**Prompt**
Go through the entries below, tally each line with the string "http", and give the final number by itself.

── The data

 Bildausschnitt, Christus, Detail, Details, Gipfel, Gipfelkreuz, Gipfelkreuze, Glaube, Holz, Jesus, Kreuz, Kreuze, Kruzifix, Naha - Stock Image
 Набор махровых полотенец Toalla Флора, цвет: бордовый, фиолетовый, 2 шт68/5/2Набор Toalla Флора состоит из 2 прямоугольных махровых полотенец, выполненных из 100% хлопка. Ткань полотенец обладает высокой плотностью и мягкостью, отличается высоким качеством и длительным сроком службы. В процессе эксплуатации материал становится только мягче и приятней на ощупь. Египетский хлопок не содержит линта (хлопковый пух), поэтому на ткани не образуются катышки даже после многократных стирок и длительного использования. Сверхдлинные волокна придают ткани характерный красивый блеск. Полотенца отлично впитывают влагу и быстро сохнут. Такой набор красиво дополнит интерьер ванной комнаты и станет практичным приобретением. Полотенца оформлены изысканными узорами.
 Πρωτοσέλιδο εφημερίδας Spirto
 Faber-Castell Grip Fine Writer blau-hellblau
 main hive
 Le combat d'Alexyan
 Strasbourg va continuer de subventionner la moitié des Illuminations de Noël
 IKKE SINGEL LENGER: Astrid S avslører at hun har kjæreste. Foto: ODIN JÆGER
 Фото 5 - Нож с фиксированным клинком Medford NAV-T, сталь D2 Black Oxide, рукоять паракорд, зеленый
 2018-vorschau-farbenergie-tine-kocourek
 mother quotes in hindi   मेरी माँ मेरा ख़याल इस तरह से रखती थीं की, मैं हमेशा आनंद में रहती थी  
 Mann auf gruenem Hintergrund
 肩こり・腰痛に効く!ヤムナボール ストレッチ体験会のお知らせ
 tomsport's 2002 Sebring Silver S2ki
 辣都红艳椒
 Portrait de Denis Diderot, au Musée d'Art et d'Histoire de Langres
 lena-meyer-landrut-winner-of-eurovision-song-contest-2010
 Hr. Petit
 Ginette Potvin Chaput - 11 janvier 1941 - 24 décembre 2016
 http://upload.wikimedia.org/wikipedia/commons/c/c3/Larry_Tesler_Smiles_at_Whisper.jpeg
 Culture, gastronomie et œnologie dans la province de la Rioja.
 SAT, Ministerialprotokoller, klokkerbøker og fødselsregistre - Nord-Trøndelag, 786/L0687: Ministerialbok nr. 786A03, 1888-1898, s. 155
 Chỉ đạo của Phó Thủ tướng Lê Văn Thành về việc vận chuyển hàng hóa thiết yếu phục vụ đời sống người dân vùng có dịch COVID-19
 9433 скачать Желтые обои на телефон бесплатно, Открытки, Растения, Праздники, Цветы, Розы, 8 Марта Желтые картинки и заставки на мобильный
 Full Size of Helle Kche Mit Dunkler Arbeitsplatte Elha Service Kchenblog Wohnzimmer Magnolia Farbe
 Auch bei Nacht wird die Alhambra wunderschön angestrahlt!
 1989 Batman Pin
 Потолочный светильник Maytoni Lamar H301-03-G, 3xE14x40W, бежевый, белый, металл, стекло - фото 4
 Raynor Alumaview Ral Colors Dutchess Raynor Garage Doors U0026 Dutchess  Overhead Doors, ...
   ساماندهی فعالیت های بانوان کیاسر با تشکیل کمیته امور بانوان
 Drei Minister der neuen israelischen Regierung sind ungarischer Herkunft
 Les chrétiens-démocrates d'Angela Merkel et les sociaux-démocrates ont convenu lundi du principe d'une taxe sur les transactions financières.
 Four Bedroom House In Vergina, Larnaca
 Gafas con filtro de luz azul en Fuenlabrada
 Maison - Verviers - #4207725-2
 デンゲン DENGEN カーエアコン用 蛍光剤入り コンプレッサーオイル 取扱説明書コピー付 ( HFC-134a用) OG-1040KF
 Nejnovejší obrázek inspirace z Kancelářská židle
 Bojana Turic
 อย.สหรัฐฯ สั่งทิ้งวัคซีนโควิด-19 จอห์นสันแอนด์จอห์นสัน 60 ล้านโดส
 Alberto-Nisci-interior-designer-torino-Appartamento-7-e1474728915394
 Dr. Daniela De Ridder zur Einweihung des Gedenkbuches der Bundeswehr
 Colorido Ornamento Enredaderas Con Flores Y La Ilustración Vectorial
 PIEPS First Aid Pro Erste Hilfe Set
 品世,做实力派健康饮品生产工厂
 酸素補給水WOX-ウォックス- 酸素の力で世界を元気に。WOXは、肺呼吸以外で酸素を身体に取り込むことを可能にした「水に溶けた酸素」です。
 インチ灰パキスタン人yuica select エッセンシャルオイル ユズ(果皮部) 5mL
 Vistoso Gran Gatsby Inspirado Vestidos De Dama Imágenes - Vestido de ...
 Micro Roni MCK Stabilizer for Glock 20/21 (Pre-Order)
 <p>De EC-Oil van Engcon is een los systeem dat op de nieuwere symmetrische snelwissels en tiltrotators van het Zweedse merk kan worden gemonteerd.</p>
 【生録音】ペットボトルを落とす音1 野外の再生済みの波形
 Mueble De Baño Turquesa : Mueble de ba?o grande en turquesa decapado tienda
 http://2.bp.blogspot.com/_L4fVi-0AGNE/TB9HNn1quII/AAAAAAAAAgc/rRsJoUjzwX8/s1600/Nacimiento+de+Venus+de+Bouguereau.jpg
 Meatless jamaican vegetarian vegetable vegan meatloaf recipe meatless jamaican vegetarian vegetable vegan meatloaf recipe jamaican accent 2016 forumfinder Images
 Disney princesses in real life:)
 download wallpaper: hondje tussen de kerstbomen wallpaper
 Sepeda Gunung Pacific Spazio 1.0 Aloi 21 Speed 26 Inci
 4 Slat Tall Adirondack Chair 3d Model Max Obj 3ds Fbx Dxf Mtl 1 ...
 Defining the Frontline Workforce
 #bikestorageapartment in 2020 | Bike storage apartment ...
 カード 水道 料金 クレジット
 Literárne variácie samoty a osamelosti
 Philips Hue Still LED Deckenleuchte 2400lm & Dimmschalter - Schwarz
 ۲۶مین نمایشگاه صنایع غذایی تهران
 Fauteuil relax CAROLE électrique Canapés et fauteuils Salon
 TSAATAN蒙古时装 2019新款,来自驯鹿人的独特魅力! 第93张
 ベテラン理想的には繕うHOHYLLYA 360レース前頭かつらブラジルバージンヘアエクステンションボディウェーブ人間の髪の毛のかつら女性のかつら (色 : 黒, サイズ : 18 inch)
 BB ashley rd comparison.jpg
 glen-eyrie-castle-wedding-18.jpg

────

**Completed task**
2